> RECORDED DATA
----
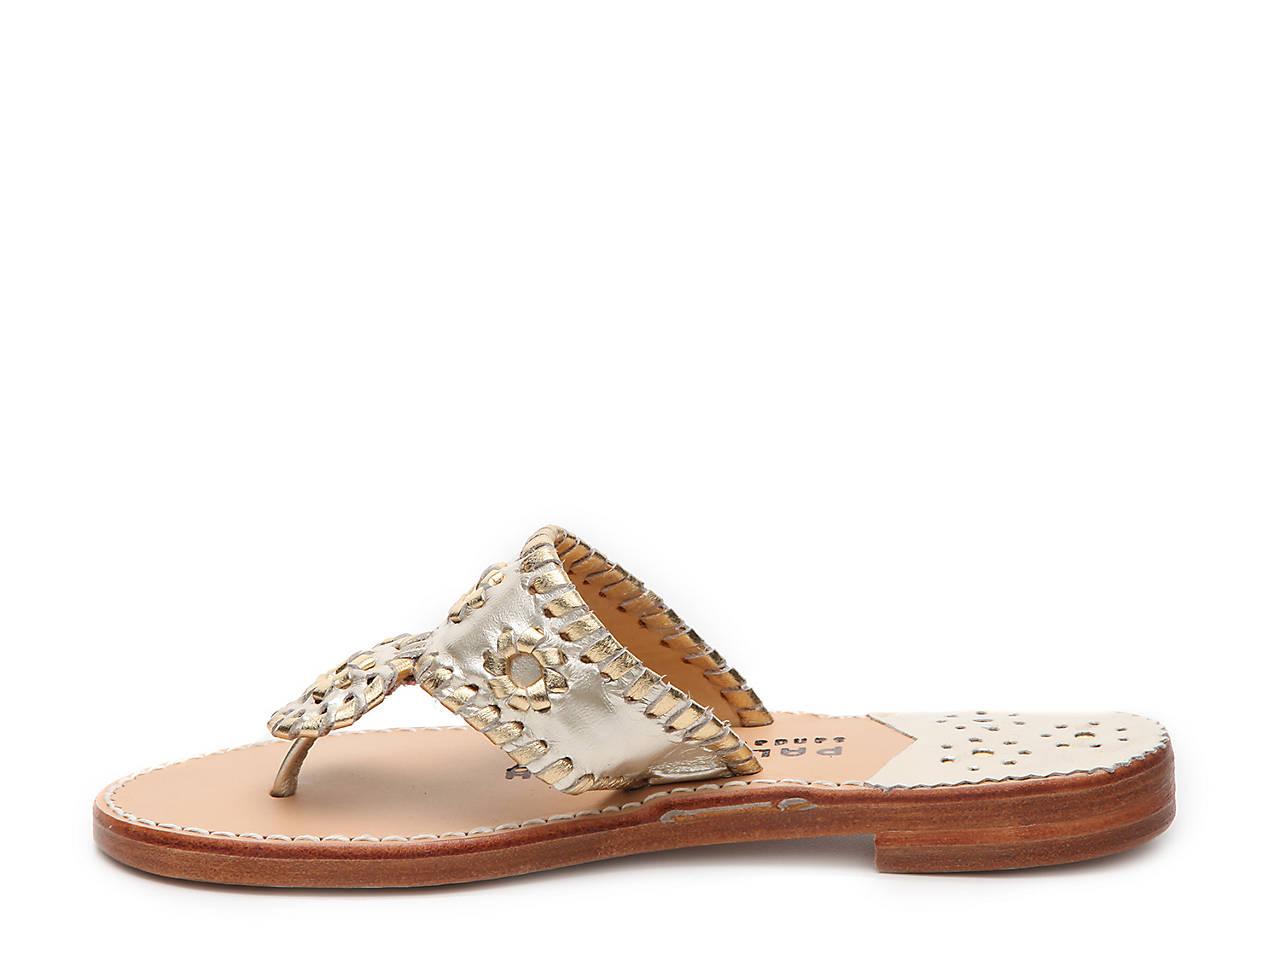 Black sandals at dsw - Black Sandals At Dsw 44
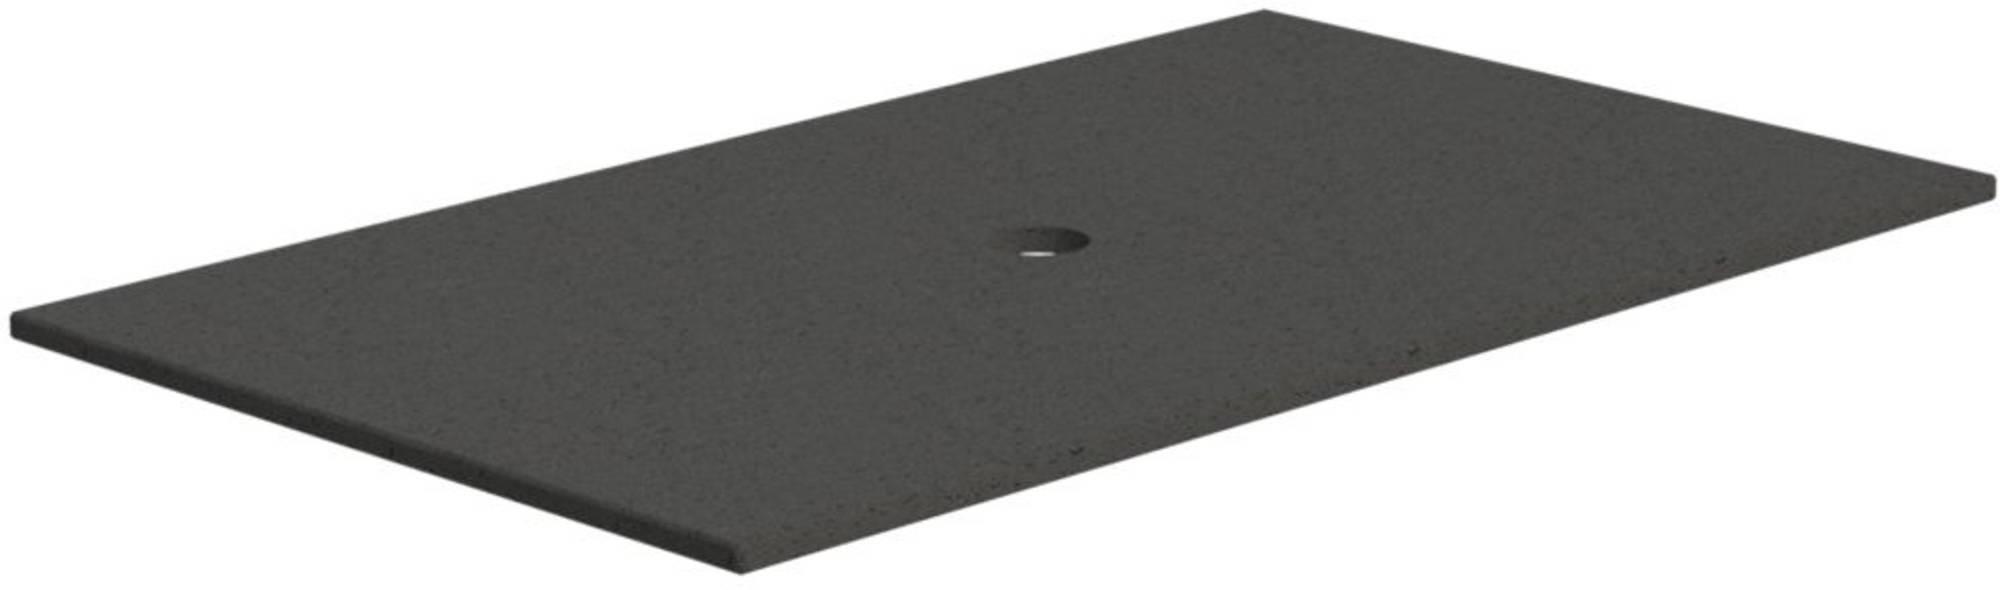 Thebalux Stone 1 Afdekblad Composiet 82x48,5x2 cm Ash Grain
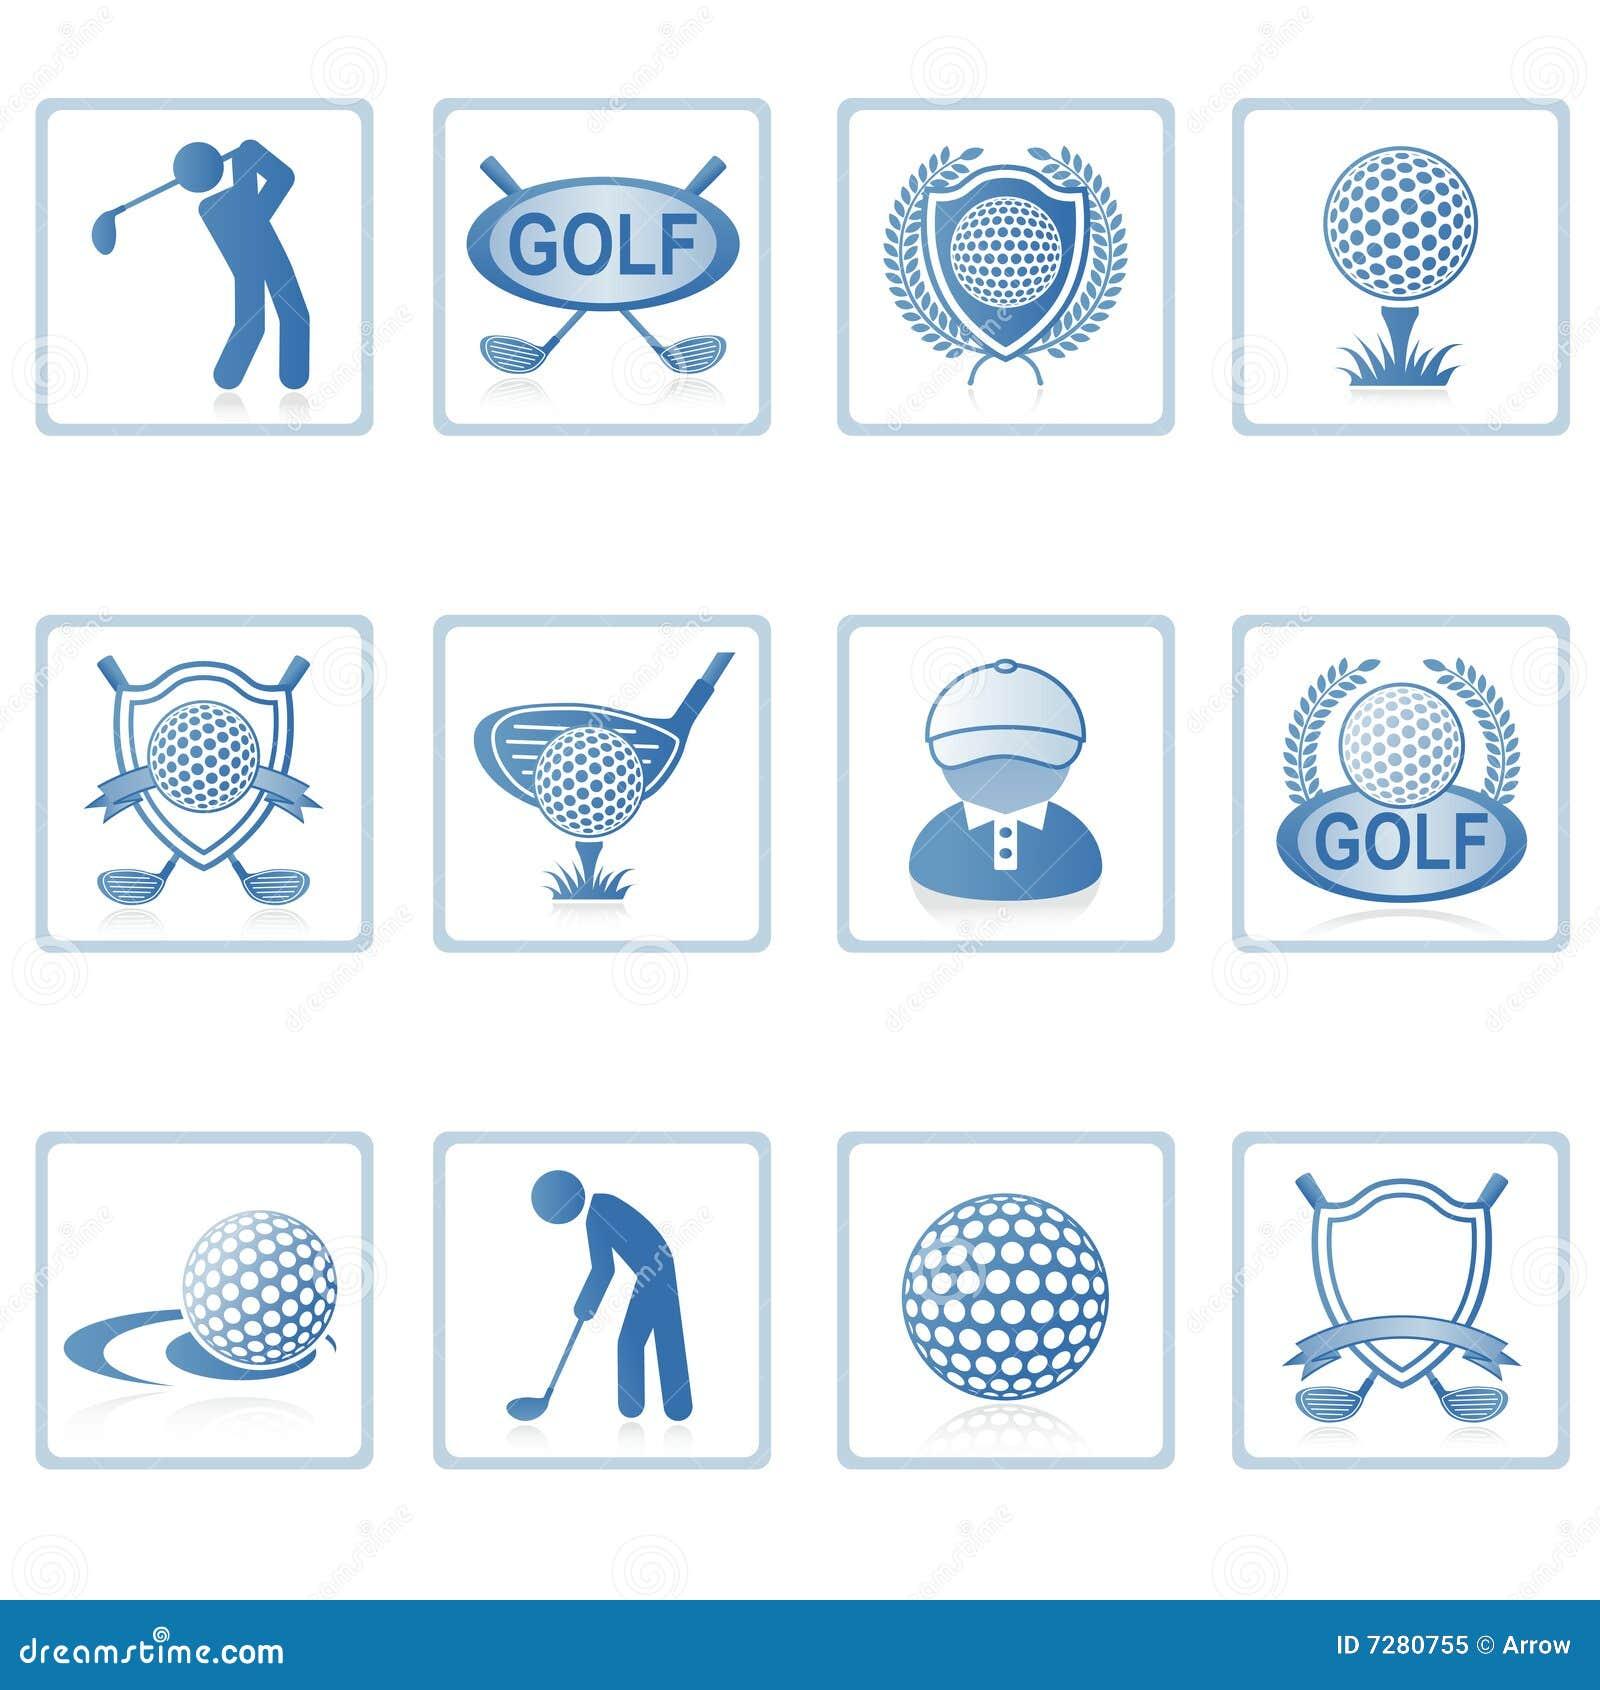 高尔夫球图标ii万维网
----
> THE PROBLEM
Word for word and without any pictures, return all of the lines above.

> ANSWER AREA
 Black sandals at dsw - Black Sandals At Dsw 44
 Thebalux Stone 1 Afdekblad Composiet 82x48,5x2 cm Ash Grain
 高尔夫球图标ii万维网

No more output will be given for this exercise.